Dans notre approche basée sur l'actualisation, l'écart provient généralement de la rapidité avec laquelle les hypothèses sont mises à jour pour l'inflation des coûts de construction, de la manière dont les budgets en monnaie locale sont convertis en USD, et de l'intégration ou non de l'activité de rénovation dans les totaux de construction neuve. Lorsque ces éléments sont mis à jour selon un cycle annuel fixe avec des vérifications basées sur les événements, et que le calendrier de conversion des devises est aligné sur l'année de référence, le total obtenu reste plus proche du rythme réel de livraison, ce qui est la logique appliquée par Mordor Intelligence.

Comparaison de référence

SourceTaille du marchéLacunes de la méthodologie de recherche
Mordor Intelligence 624,36 milliards de dollars US (2025)
Revue spécialisée A 545,70 milliards de dollars US (2026)Utilise une année différente et semble se concentrer sur une lecture plus étroite des travaux de transport, avec moins de clarté sur la prise en compte intégrale des rénovations et des mises à niveau portuaires et aéroportuaires annexes. Le chiffre semble également plus sensible à la manière dont les programmes en monnaie locale sont convertis en USD pour l'année indiquée.
Cabinet de conseil régional B 719,21 milliards de dollars US (2024)Ce chiffre concerne uniquement les infrastructures routières et autoroutières, il n'est donc pas directement comparable à un total de construction de transports tous modes incluant le rail, les ports et les aéroports. L'écart d'année compte également car les cycles de dépenses d'investissement routières et l'inflation des coûts peuvent faire varier rapidement les totaux à travers l'Asie-Pacifique.

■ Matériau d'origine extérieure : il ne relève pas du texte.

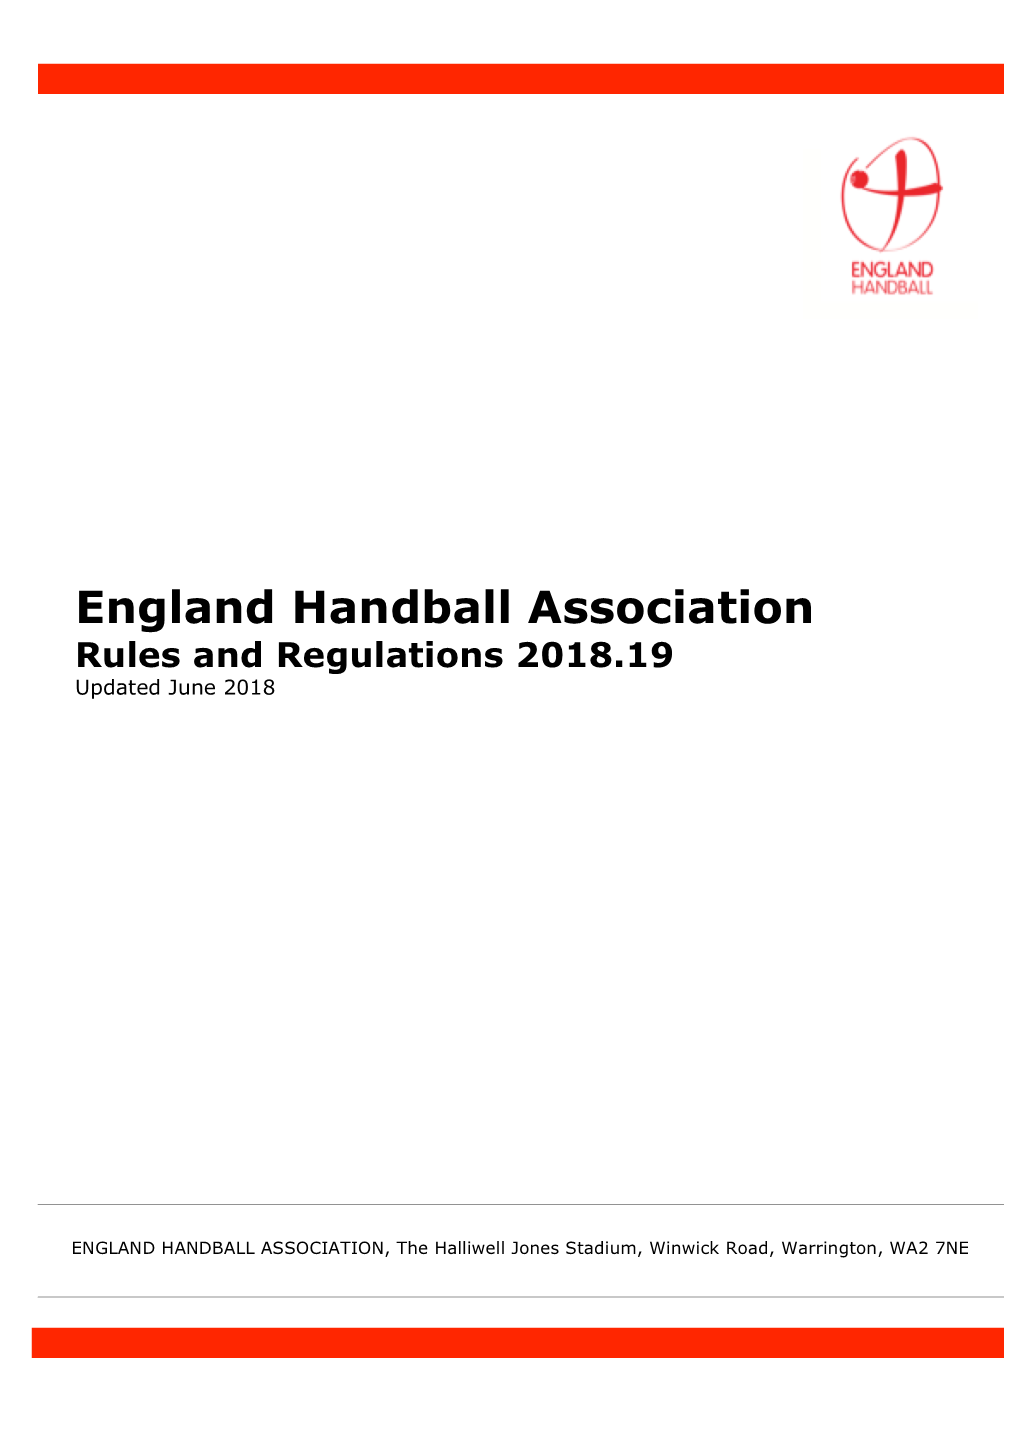 England Handball Rules and Regulations

Dans l'ensemble, l'écart s'explique principalement par les frontières de portée (routes uniquement contre tous les modes de transport) et par les choix de calendrier concernant la devise et l'escalade. En rattachant le modèle à la valeur de construction exécutée et en la vérifiant par rapport à la cadence des attributions et aux indices de coûts, nous maintenons la taille finale du marché traçable à des intrants qui peuvent être retestés et mis à jour de manière reproductible.

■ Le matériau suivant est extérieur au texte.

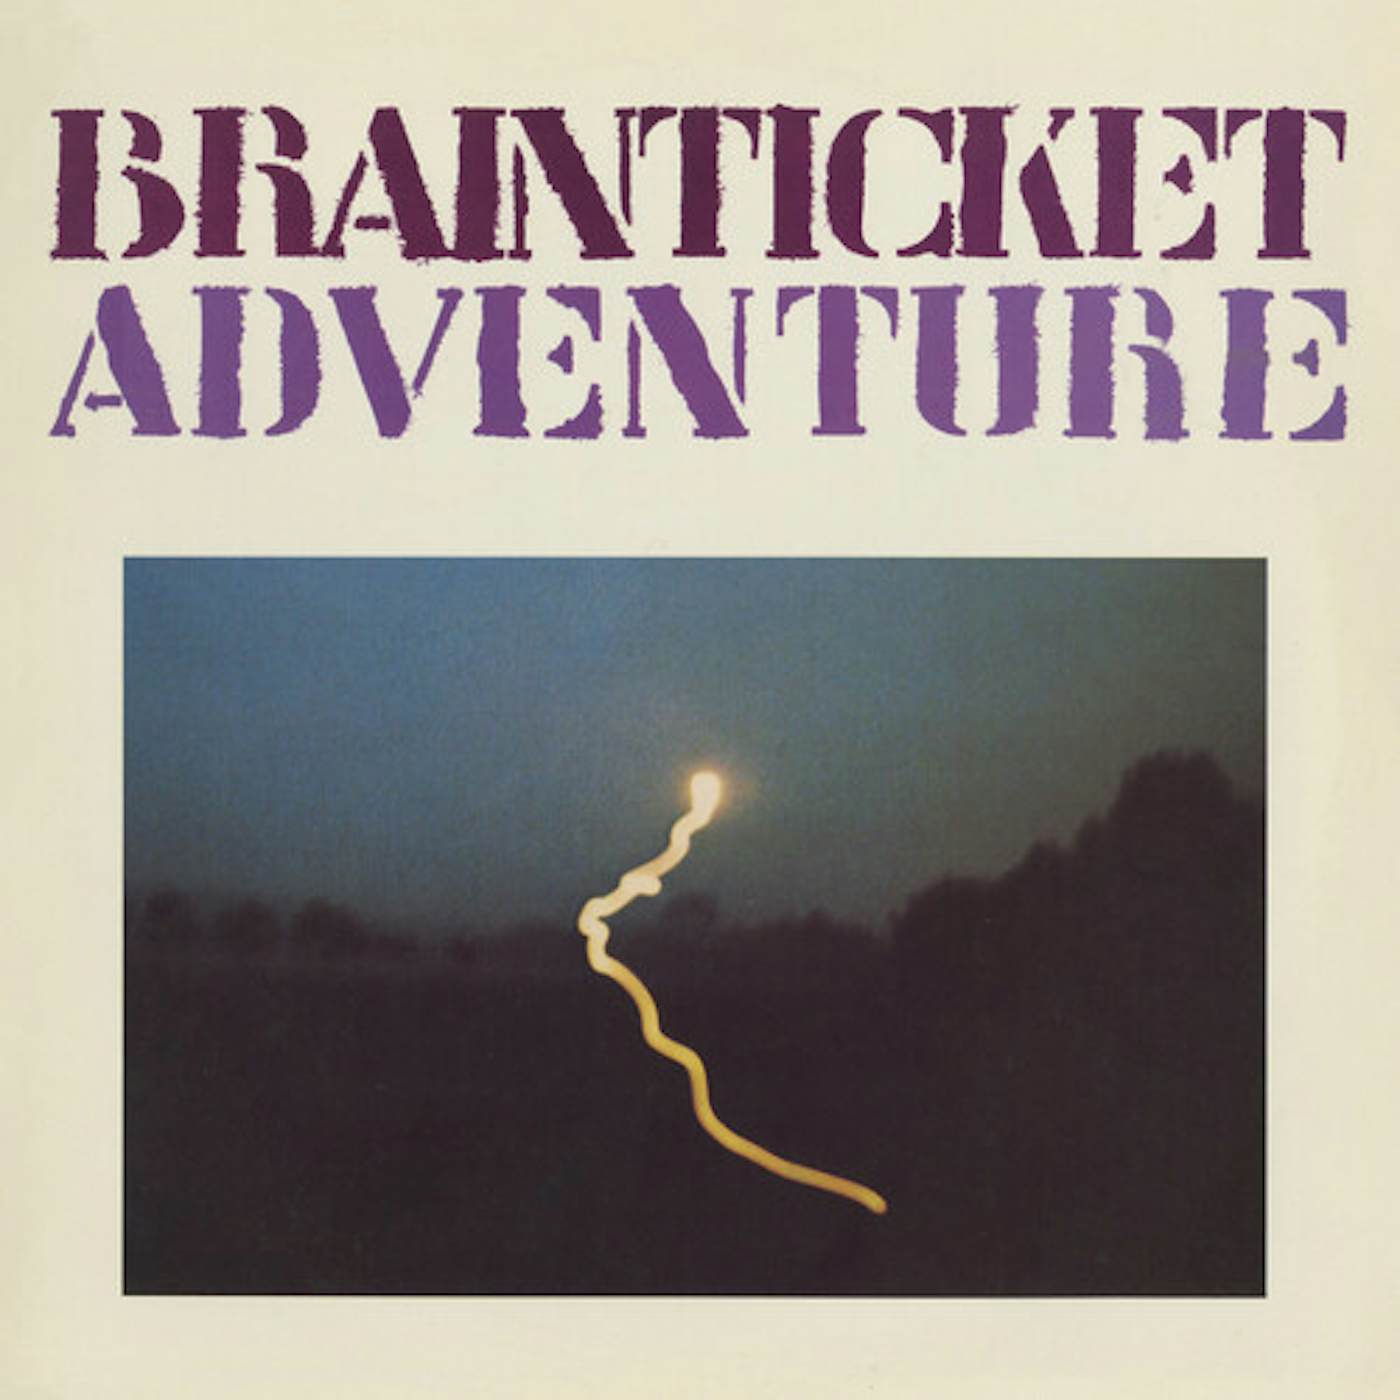 Brainticket Adventure Vinyl Record

Questions clés traitées dans le rapport

Quelle est la taille du marché de la construction d'infrastructures de transport en Asie Pacifique en 2026 ?

Il est évalué à 674,51 milliards USD en 2026 et devrait atteindre 992,36 milliards USD d'ici 2031.

Quel pays connaîtra la croissance la plus rapide jusqu'en 2031 ?

L'Inde est en tête avec un CAGR prévisionnel de 10,02 %, ancré par son Pipeline National d'Infrastructures et de multiples projets de métros et d'aéroports.

Quel est le rôle des capitaux privés dans les projets à venir ?

L'investissement privé progresse à un CAGR de 9,52 % grâce à des cadres de partenariat public-privé matures qui combinent la dette multilatérale, les garanties souveraines et les tarifs indexés pour réduire les risques.

Pourquoi les chemins de fer gagnent-ils en dynamisme par rapport aux routes ?

L'électrification intensive, les corridors à grande vitesse et la baisse des coûts d'exploitation soutiennent un CAGR de 8,83 % pour les projets ferroviaires, détournant le fret et les navetteurs des routes.

Quels sont les principaux risques auxquels font face les promoteurs ?

La hausse des taux d'intérêt, les retards d'acquisition foncière et les pénuries de main-d'œuvre qualifiée peuvent avoir un impact négatif cumulé allant jusqu'à 1,4 % sur le CAGR et prolonger les délais de jusqu'à deux ans.

Quelles technologies définissent les actifs de transport de nouvelle génération ?

L'automatisation, les grues portuaires connectées en 5G, le traitement biométrique aéroportuaire, la construction modulaire et les jumeaux numériques pour la surveillance des actifs deviennent des standards dans toute la région.